At the age of 16, Ruan became acquainted with Zhang Damin (张达民/張達民), whose family her mother worked for. Zhang was later driven out of his wealthy family due to his spendthrift ways and became a chronic gambler, supported by Ruan's salary. Unable to tolerate Zhang's gambling, Ruan split with him in 1933.

She then began living with Tang Jishan, a tea tycoon. In 1935, Zhang filed a lawsuit asking for reparations from Ruan. The tabloids seized on this opportunity to probe into Ruan's private life and put her under intense pressure.

Following the completion of New Women, Ruan's life began to unravel. The film opened in Shanghai in 1935. Cai Chusheng was under massive pressure from tabloid reporters, who were extremely hostile, owing to the scathing depiction of the Shanghai tabloids in the movie. Cai was forced to make extensive cuts to the film. Even after that, Ruan's private life was mercilessly seized upon by the tabloids and her lawsuit with her first husband, Zhang Damin, became a source of vindictive coverage.

===Death===
Faced with her various public issues and intense private problems, Ruan committed suicide in Shanghai on March 8, 1935, at the age of 24, by taking an overdose of barbiturates.
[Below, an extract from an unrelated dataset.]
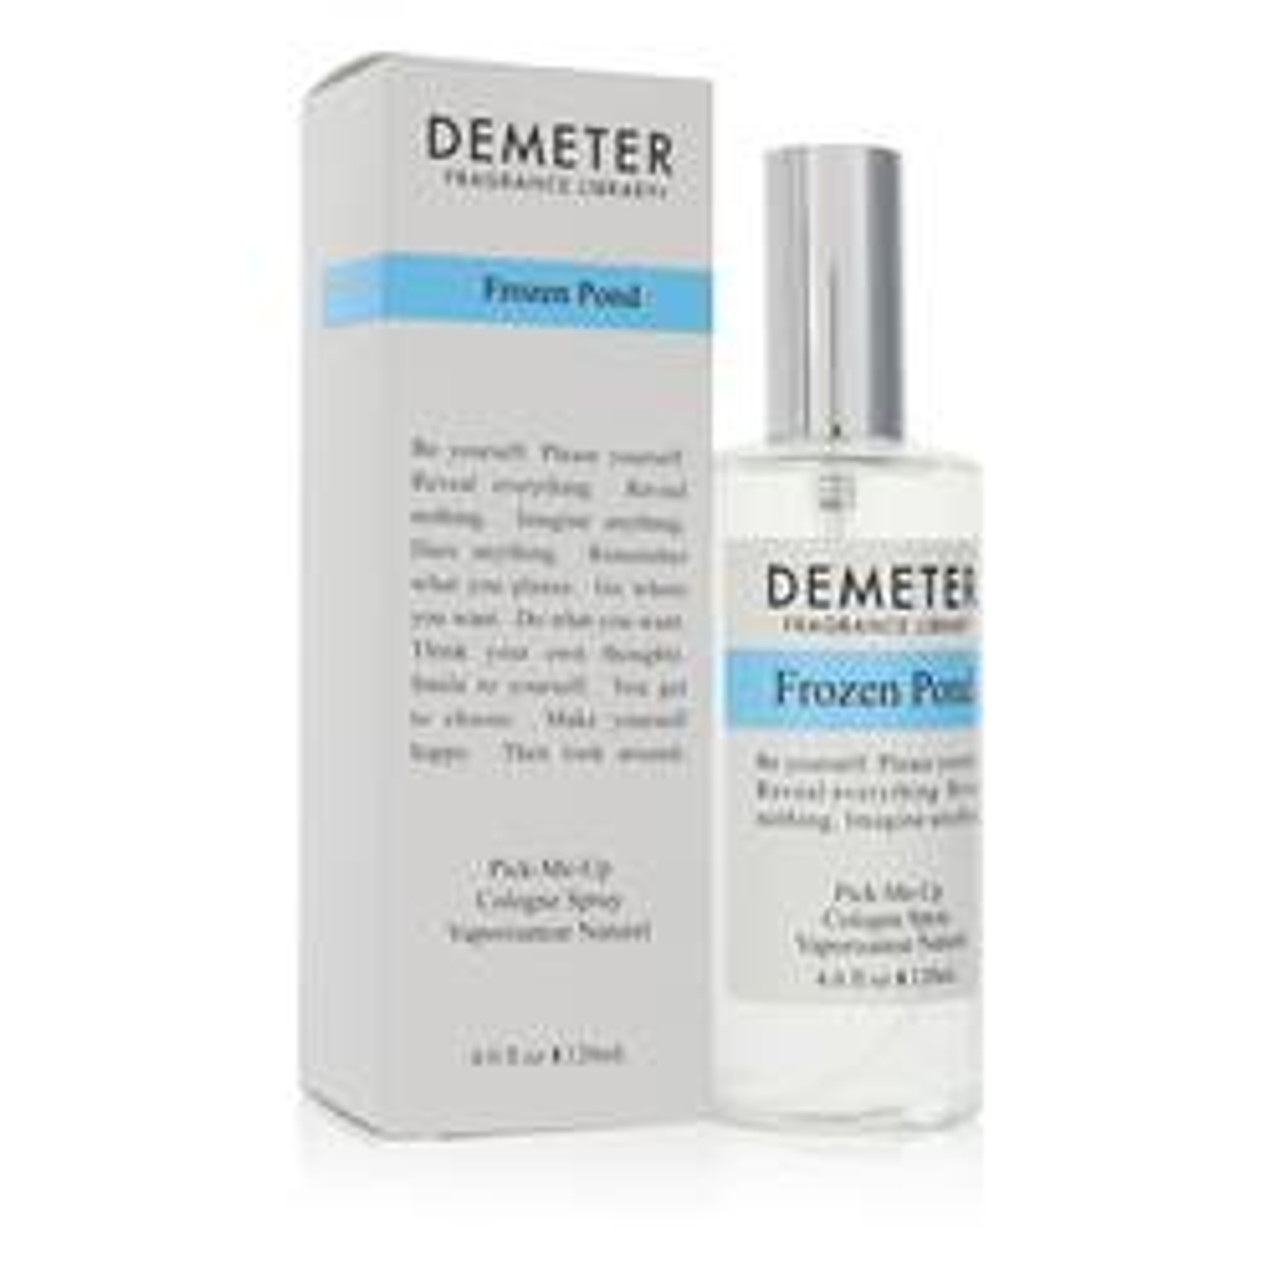 Demeter Frozen Pond Perfume By Demeter Cologne Spray (Unisex) 4 oz for Women - [From 79.50 - Choose pk Qty ] - *Ships from Miami

Her suicide note apparently contained a line which says "gossip is a fearful thing" (人言可畏), although recent researchers have doubted the note's authenticity as it appears to have been forged by Tang Jishan. Even China's preeminent intellectual Lu Xun was appalled at the details surrounding Ruan's death and wrote an essay entitled "Gossip is a Fearful Thing", denouncing the tabloids.

Recent researchers believe her deteriorating relationship with Tang Jishan and Zhang Damin's lawsuit were the cause of Ruan's death. It was further intensified by the mob media of China after New Women was released, since the film depicted the life of actress Ai Xia, who committed suicide due to media rumors about her private life. Ruan is also believed to have been physically abused on the evening that she died.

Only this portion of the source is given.